In caso di omesso versamento è possibile il concorso tra reato ed illecito amministrativo. E’ quanto emerge dalla sentenza 12 settembre 2013, n. 37424 delle Sezioni Unite Penali, con la quale si evidenzia come il reato di omesso versamento IVA (art. 10-ter del d.lgs n. 74 del 2000) – entrato in vigore il 4 luglio 2006 – è applicabile anche alle omissioni dei versamenti IVA relativi all’anno 2005, senza che ciò comporti violazione del principio di irretroattività della norma penale.

 

Di particolare importanza è il rapporto intercorrente tra illecito penale e violazione amministrativa. In particolare, gli ermellini affermano che “fra il D.Lgs. 10 marzo 2000, n. 74, art. 10-ter, inserito dal D.L. 4 luglio 2006, n. 223, art. 35, comma 7, convertito, con modificazioni, dalla L. 4 agosto 2006, n. 248, entrato in vigore il 4 luglio 2006 (il quale punisce con la reclusione da sei mesi a due anni chiunque non versa, entro il termine per il versamento dell’acconto relativo al periodo di imposta successivo, l’imposta sul valore aggiunto, dovuta in base alla dichiarazione annuale, per un ammontare superiore a cinquantamila Euro per ciascun periodo di imposta), e il D.Lgs. 18 dicembre 1997, n. 471, art. 13, comma 1 (che assoggetta alla sanzione amministrativa pari al trenta per cento di ogni importo non versato chiunque non esegue, in tutto o in parte, alle prescritte scadenze periodiche, i versamenti dei debiti IVA), intercorre un rapporto non di specialità ma di progressione illecita, che comporta l’applicabilità congiunta delle due sanzioni”.

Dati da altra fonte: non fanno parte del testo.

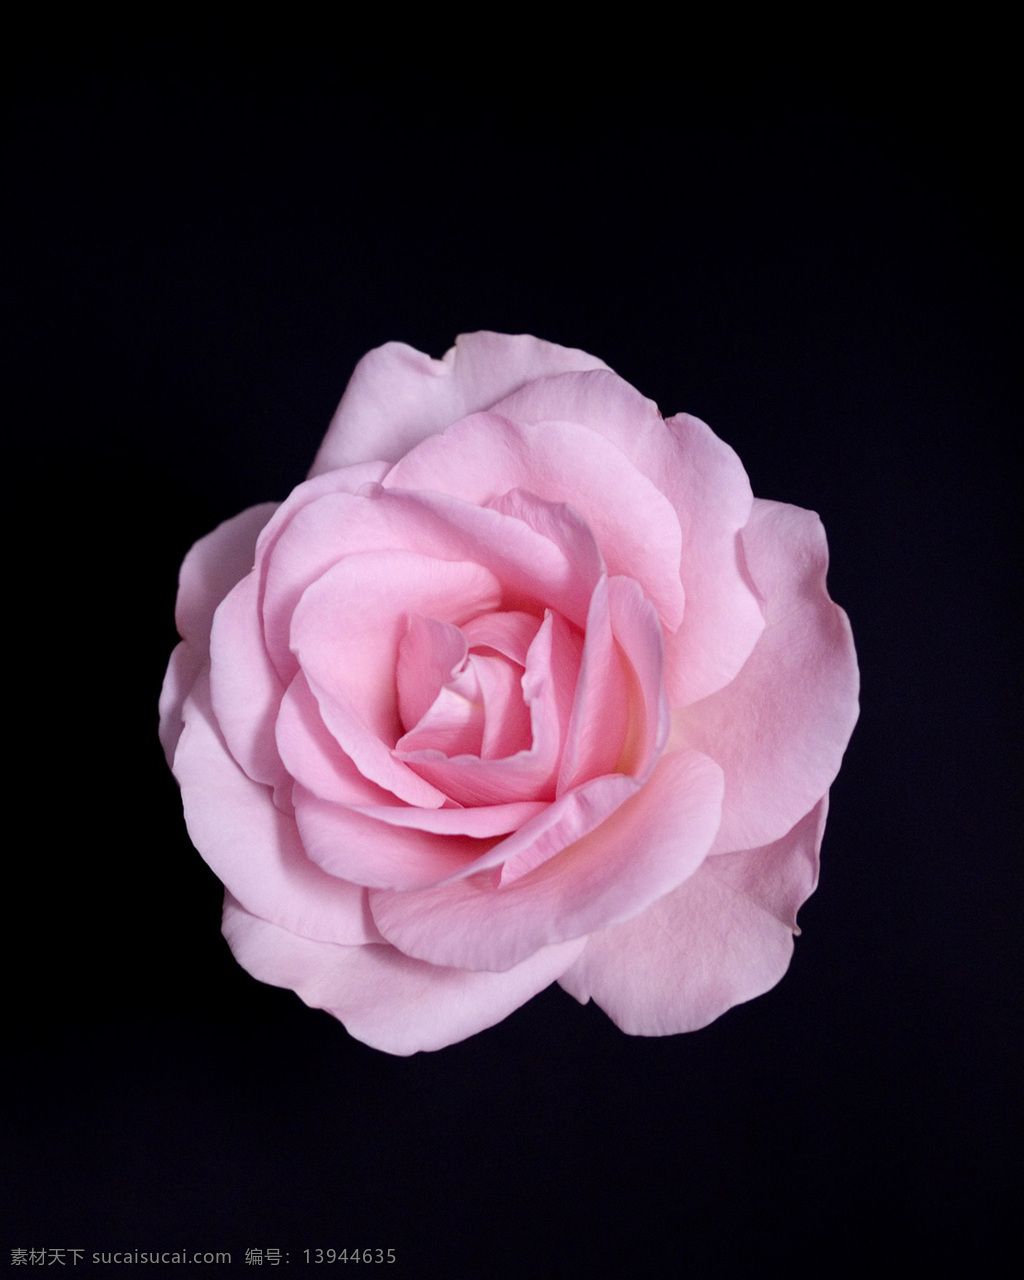 位图 写实花卉 植物摄影 花卉 花朵 免费素材 面料图库 服装图案 黑色

Ad avviso dei giudici, tra i due illeciti di omesso versamento di Iva e ritenute (quello amministrativo e quello penale) vi sarebbe un rapporto che non è di specialità, bensì di progressione.

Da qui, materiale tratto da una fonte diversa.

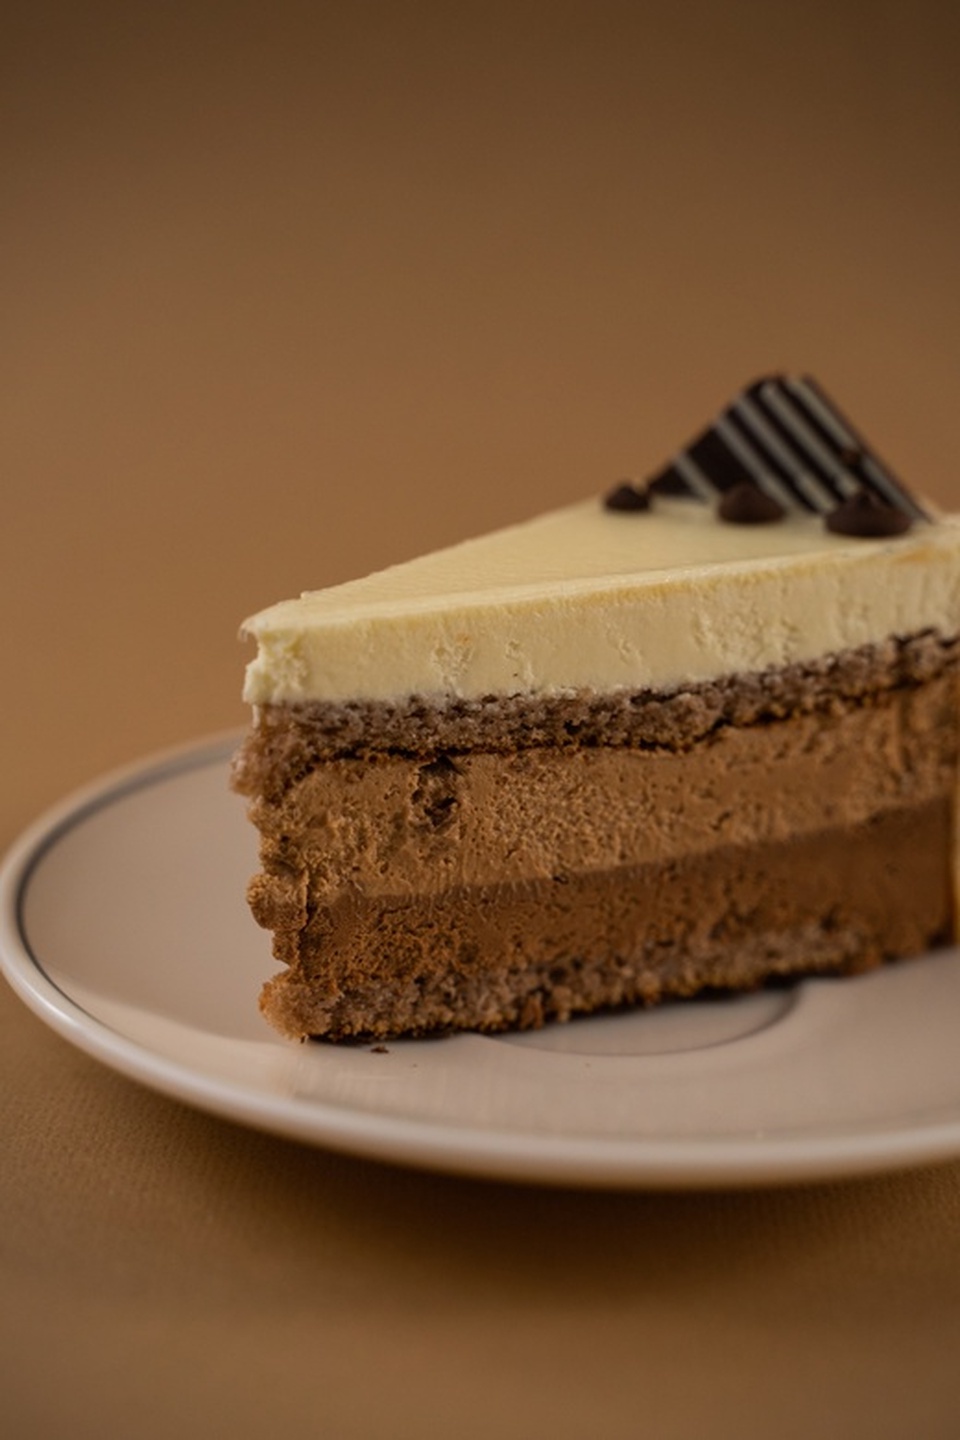 Пирожное "Три шоколада" - 195 ₽, заказать онлайн.

Infatti, sempre secondo i giudici di legittimità, “la fattispecie penale costituisce una violazione molto più grave di quella amministrativa la quale, pur contenendo necessariamente quest’ultima, la arricchisce di elementi essenziali che non sono riconducibili alla specialità, in quanto recano decisivi segmenti comportamentali che si collocano temporalmente in un momento successivo al compimento dell’illecito amministrativo”.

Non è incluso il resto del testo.